The French man was referring to his boss and the HR chief of the company he worked for. Should this be a firing offense?

One of the man’s Facebook friends “liked” the status update, another commented “welcome to the club”. Should these be firing offenses?

For the employer, Alten, they were, and the employees were terminated for gross misconduct. Alten described their action as “disparaging the firm” and “inciting rebellion”.

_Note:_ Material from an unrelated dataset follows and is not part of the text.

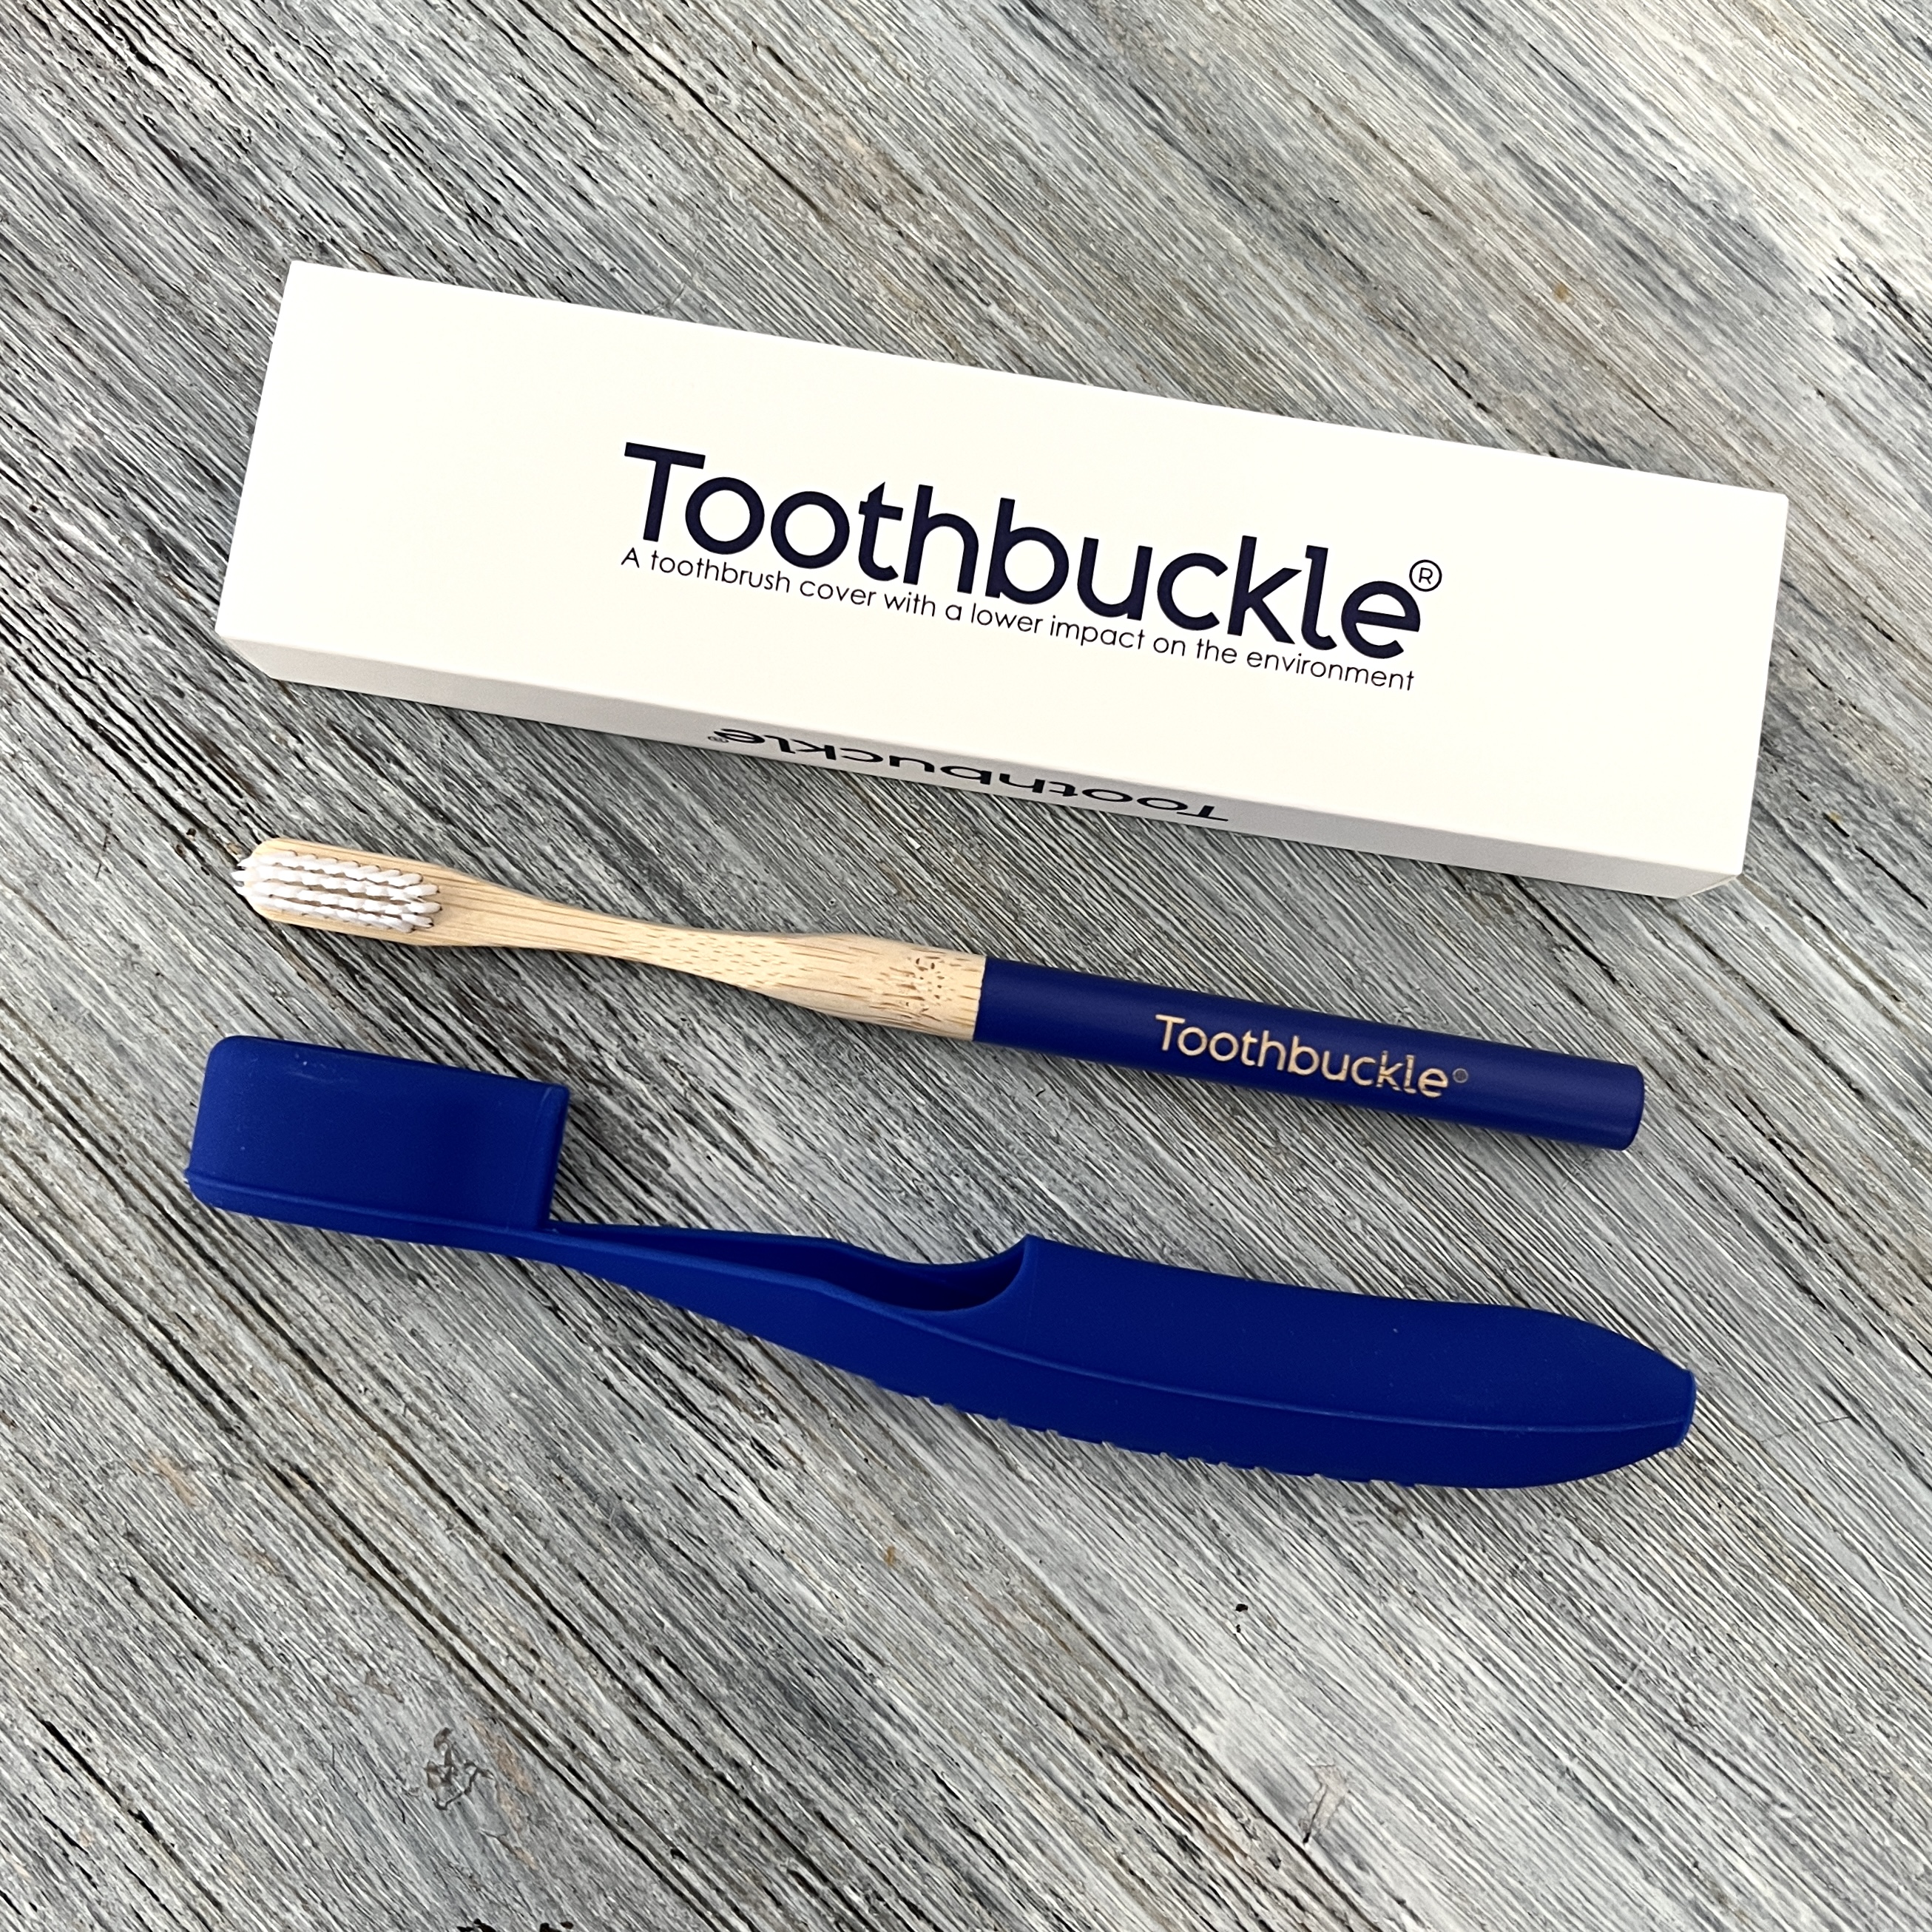 Toothbuckle Toothbrush Kit for Bombay and Cedar Lifestyle Box January 2022
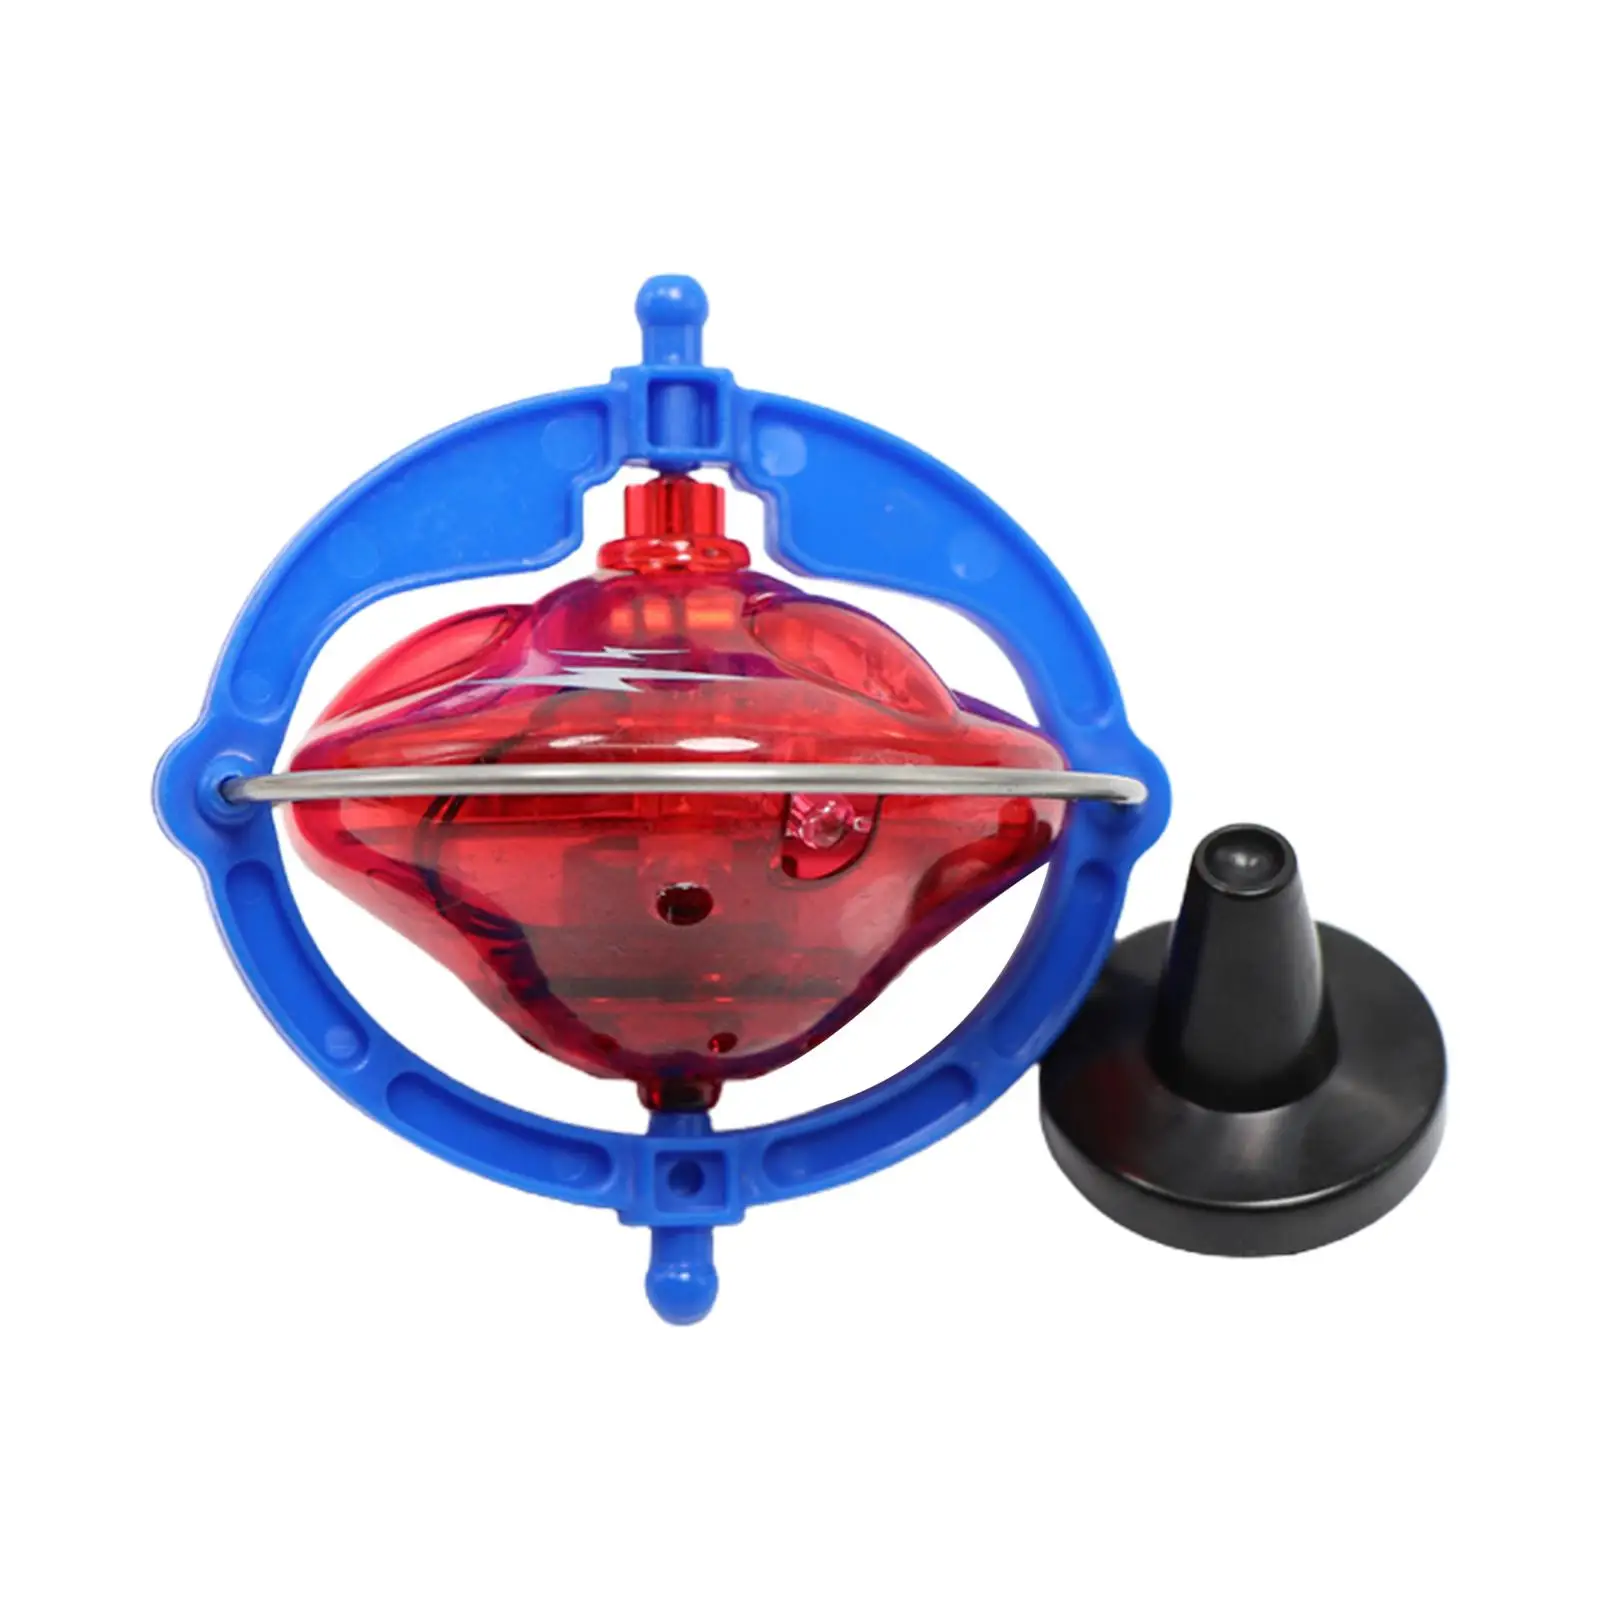 Rotating Tops Gyro Toy Children Toy Gyro Creative Rotating Toy for Living Room

A French labor court recently heard the case, but was deadlocked in reaching a decision. The case has drawn considerable media attention, so some background and context seemed useful:

  1. For more than twenty years, France’s highest judicial court (the Cour des cassation), has repeatedly affirmed employees’ rights to self expression. In the leading case (the Clavaud case, decided 22 April 1988), a factory worker had been terminated after he spoke with L’Humanité, a communist daily, and expressed a bleak view of his employer. The court not only acknowledged the worker’s right to expression, it also opened a door to a powerful remedy. Specifically, the court annulled the termination, paving the way for possible reinstatement. This remedy is exceptional, the general rule in French labor disputes being money damages. The high court has affirmed its position repeatedly over the years (French economic daily Les Echos has provided a list of the cases).
  2. This having been said, French employers do tend to insist upon a deferential posture towards “hierarchical superiors”. (I hear echoes of the ancien régime and a moralizing tone in this common expression.) And some French employees spend astonishing amounts of time and effort to question and resist their bosses. A print-out of a screen shot offers an employer evidence of what may be the visible tip of an iceberg of noncooperation. Terminating one employee –even on legally shaky grounds– might set an example for others, offering the employer a chance to communicate about desired or expected behavior.
  3. At-will employment doesn’t exist in France. As a baseline rule, an employer can terminate an employee only for cause. (An employee can terminate the relationship for any reason, including no reason, on notice.) Sometimes, an employer will be surer in its desire to terminate an employee than in the possible cause for termination. Labor matters tend to be litigious in France (as are settlements of labor disputes), so uncertainty about cause need not hinder a termination. Simply put: the cause advanced by an employer sometimes sounds so implausible (“inciting rebellion”) that an objective hearer might wonder whether at-will employment wouldn’t be preferable, after all.
  4. Labor disputes in France are common. They are heard by specialized courts with elected judges, half of whom are chosen by employers and half by employees. In this case, the judges deadlocked. This need not signal a difficult case. For example, judges can differ on remedies or the amount of damages to award. When there is a deadlock, an additional judge, a career civil servant, joins the deliberations; with an odd number of judges, a majority decision is ensured.
  5. Because there are many labor disputes, French labor courts have heavy dockets. In this case, employees terminated in December 2008 had their case heard in 2010 (although it will not be decided until the second half of 2010). Two years is a long time. France does not permit labor disputes to be arbitrated. Settlement is possible, but hard to predict. In this case, maybe he passage of time makes employees more open to settlement; or maybe it simply embitters employees, steeling their resolve to go to court. Likewise, maybe the employer seeks to postpone a final decision as long as possible; or maybe it has a policy to settle labor disputes only after a trial-level court has ruled against it.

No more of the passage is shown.